> **TASK OBJECTIVE**
The entire listing that follows must be repeated exactly, pictures excluded.

> **STORED DATA**

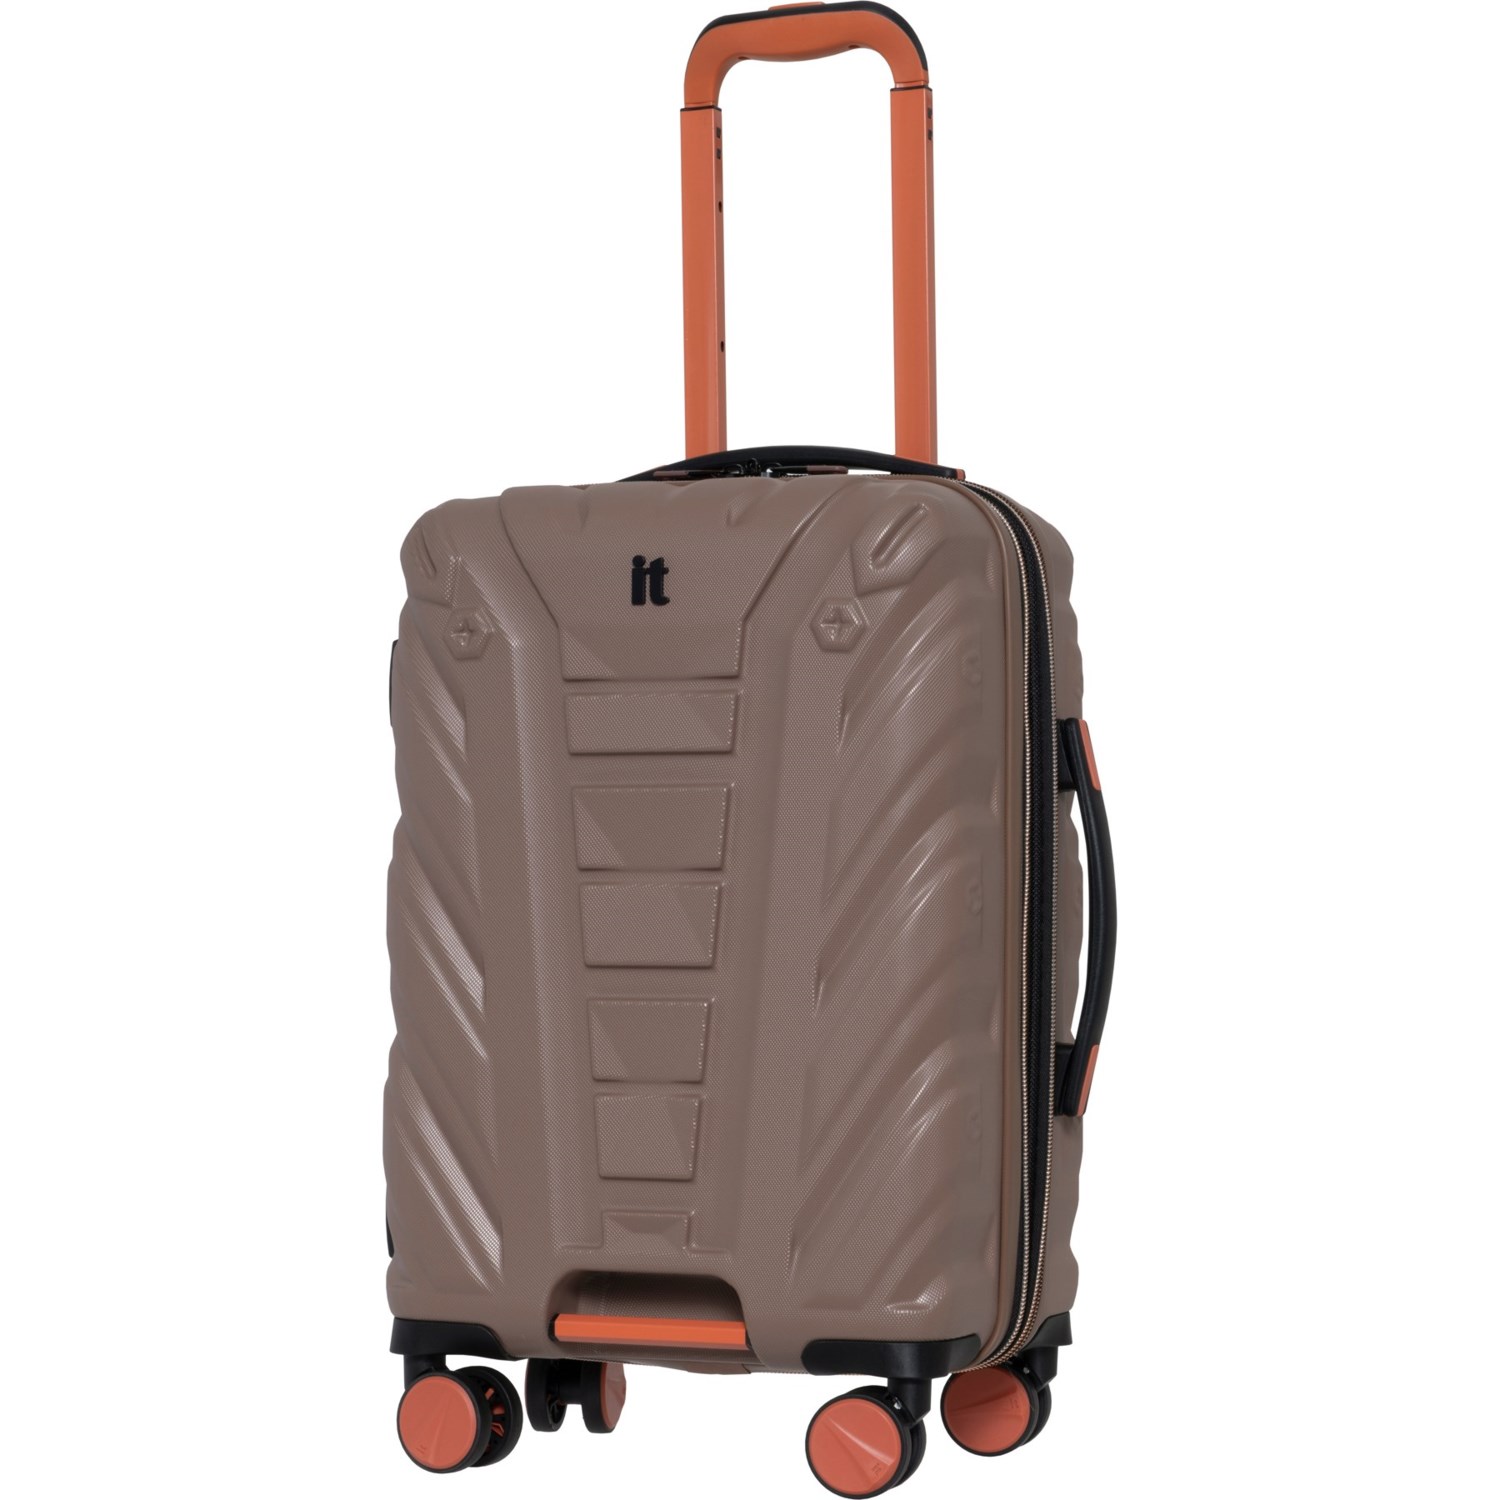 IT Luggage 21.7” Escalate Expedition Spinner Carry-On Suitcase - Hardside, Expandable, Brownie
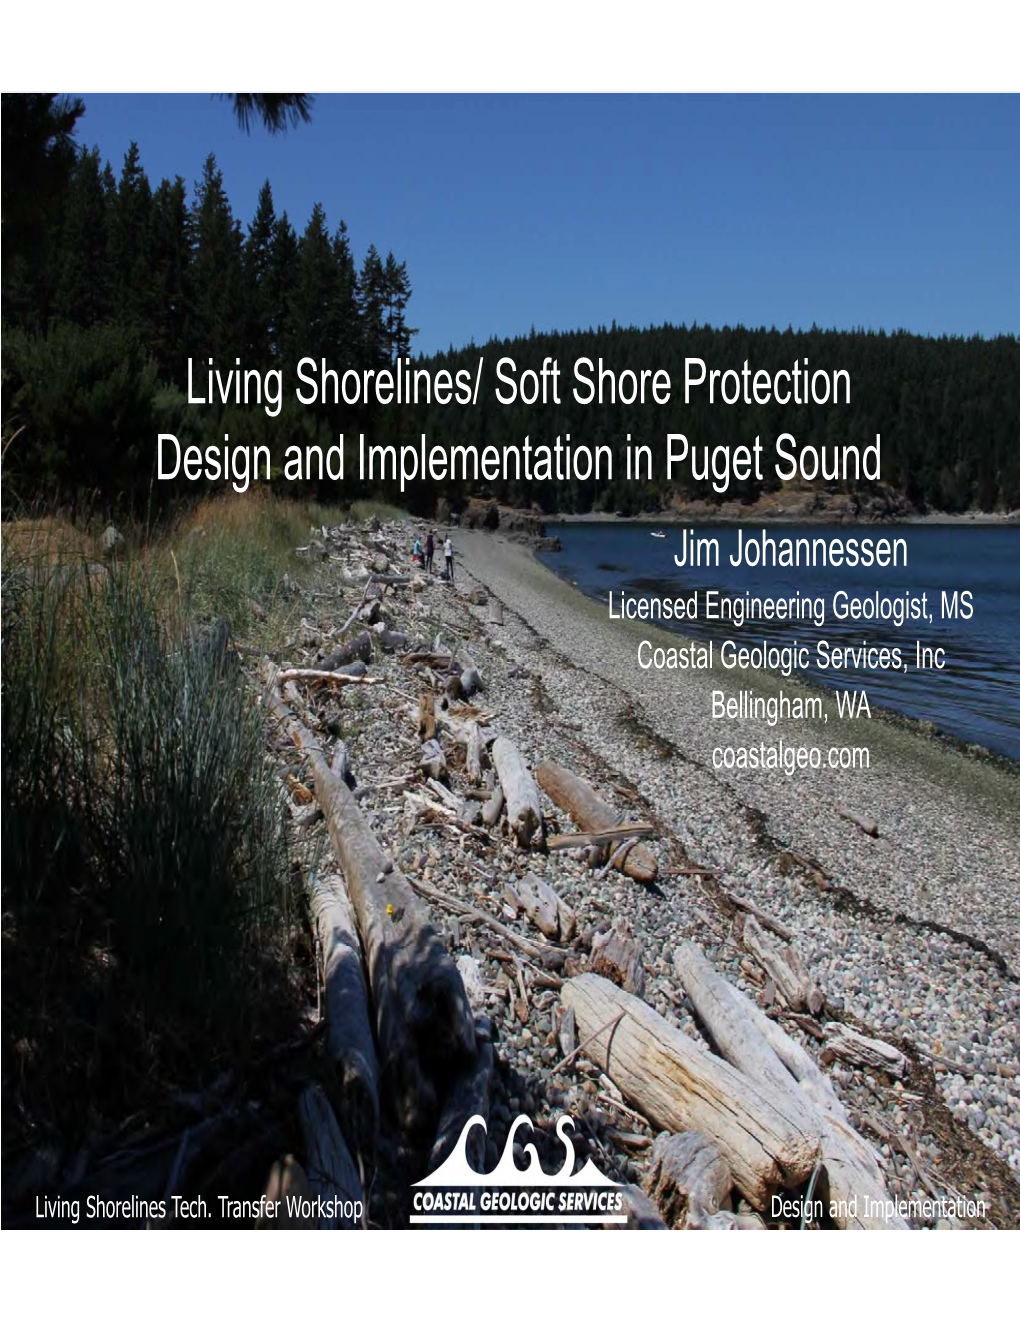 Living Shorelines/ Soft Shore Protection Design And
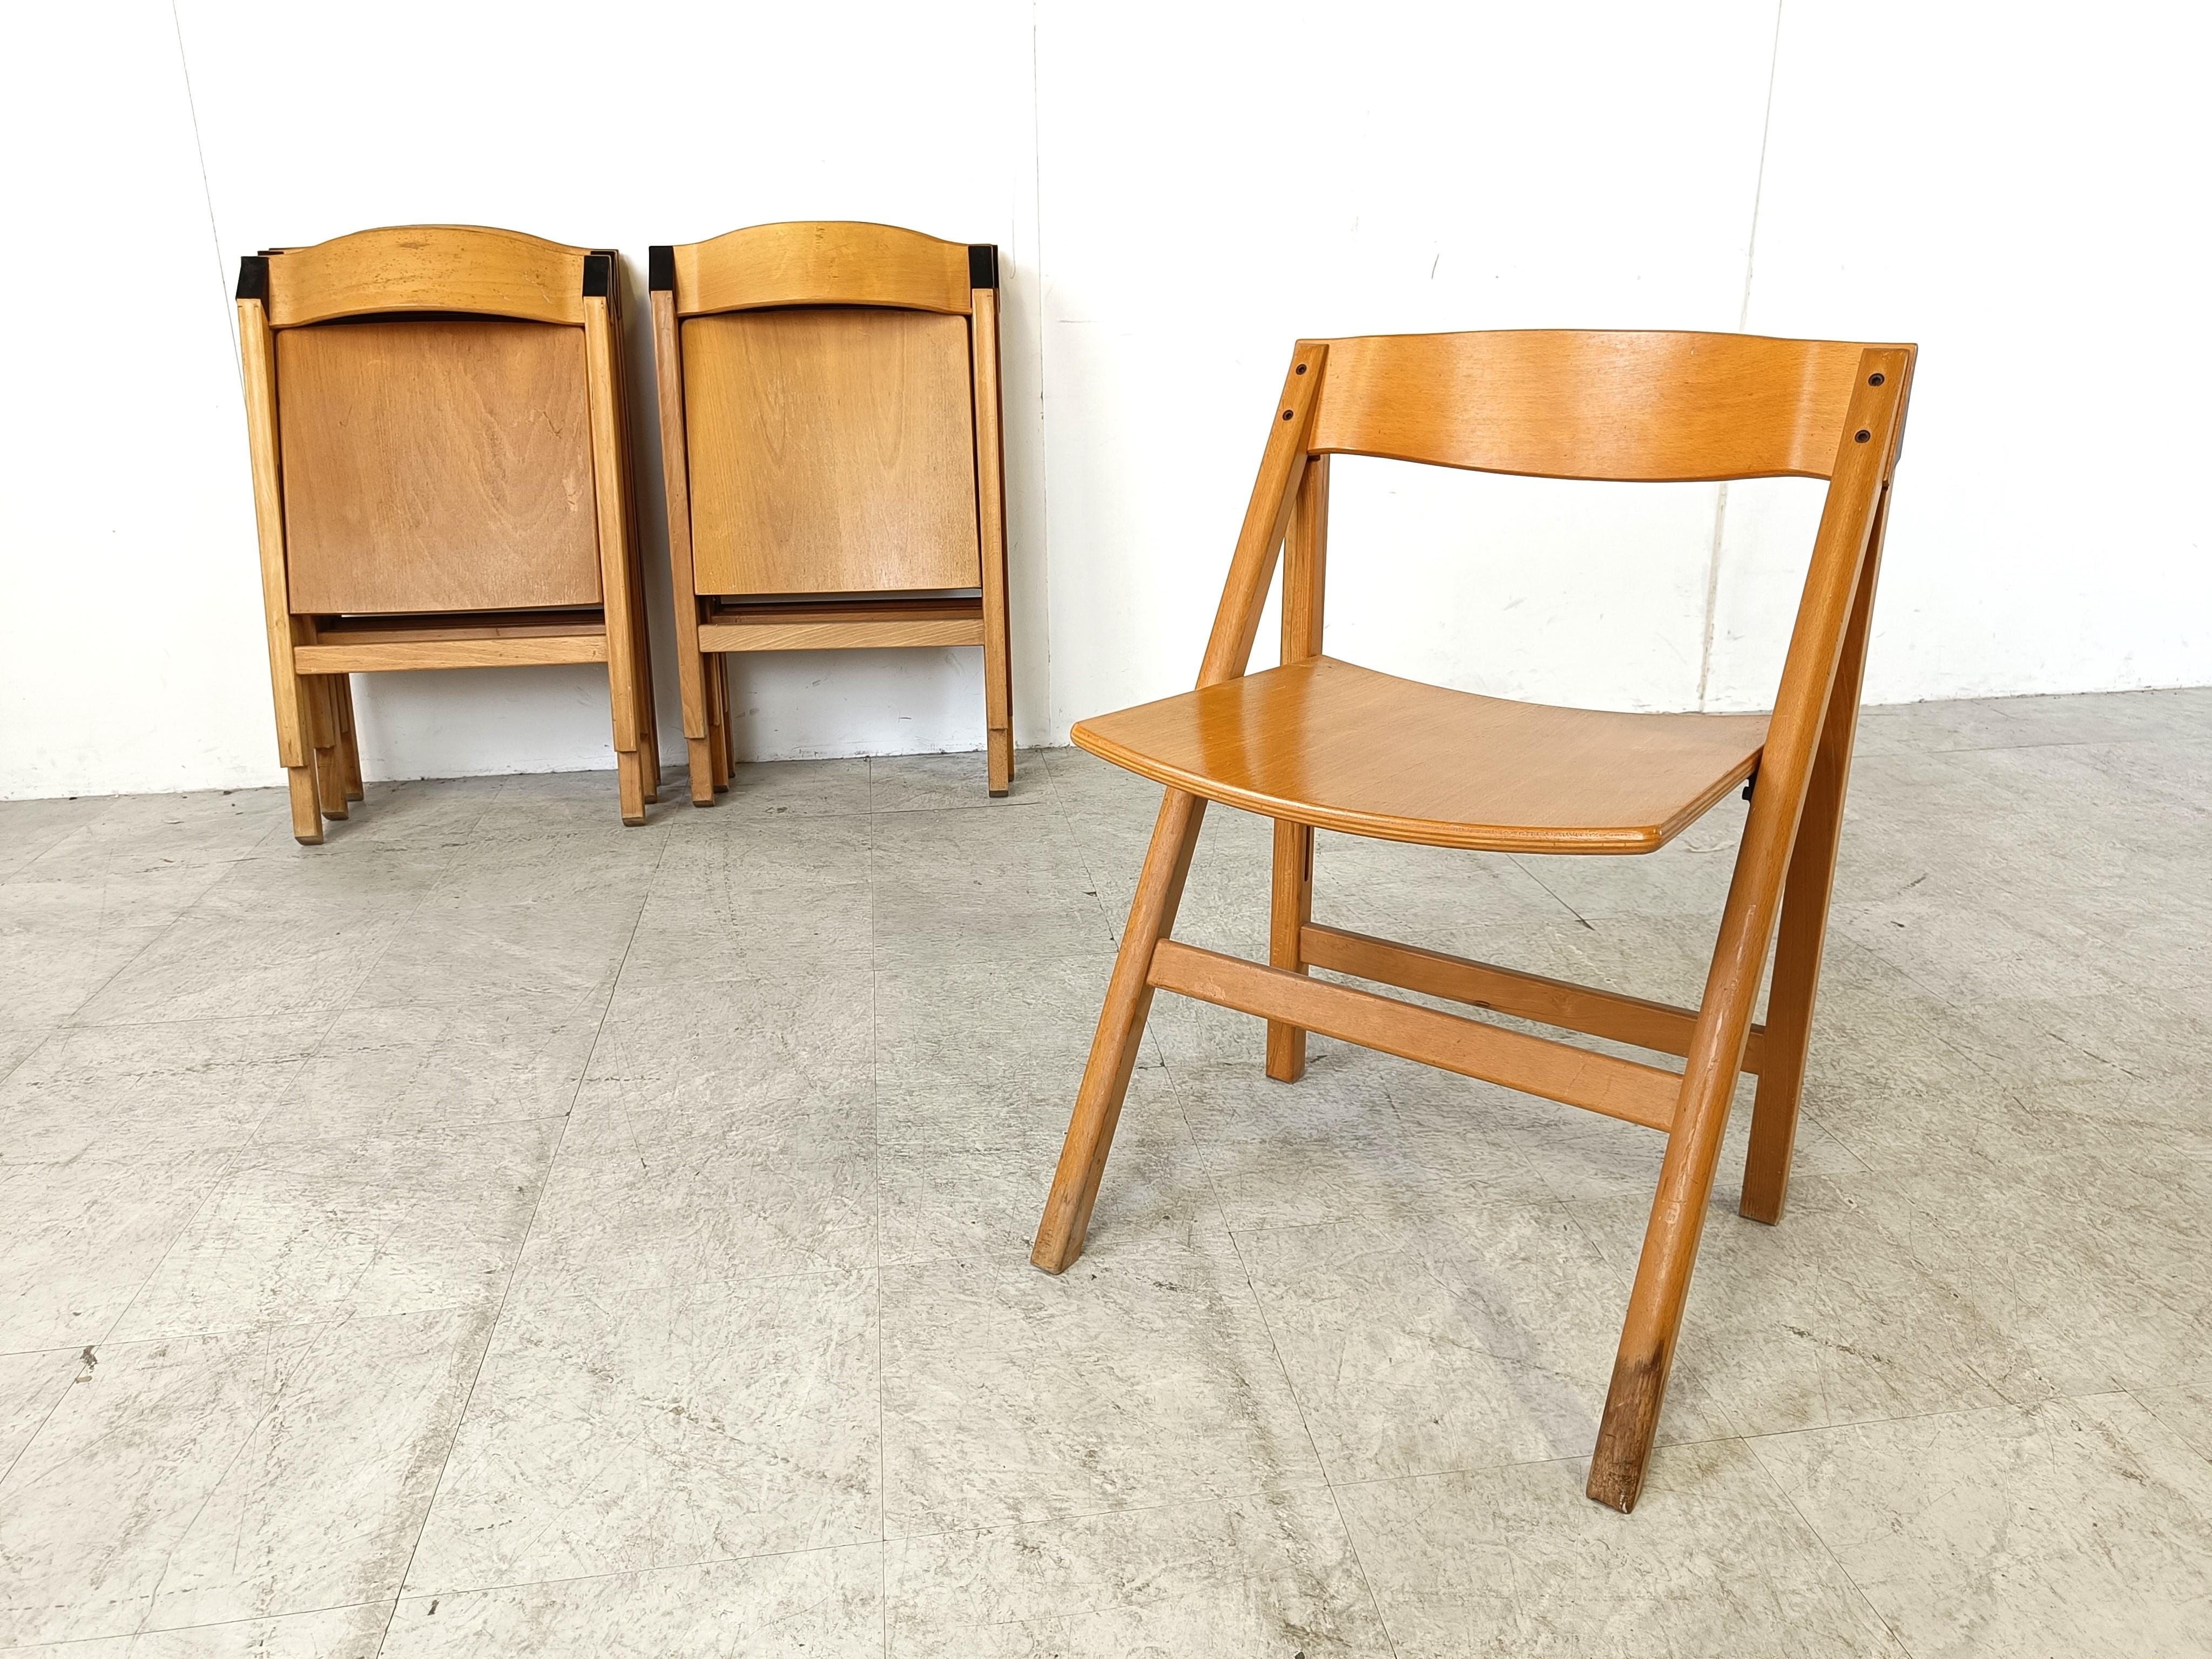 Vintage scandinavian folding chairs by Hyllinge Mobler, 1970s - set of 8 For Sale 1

> **ANSWER SECTION**
 IT Luggage 21.7” Escalate Expedition Spinner Carry-On Suitcase - Hardside, Expandable, Brownie
 Living Shorelines/ Soft Shore Protection Design And
 Vintage scandinavian folding chairs by Hyllinge Mobler, 1970s - set of 8 For Sale 1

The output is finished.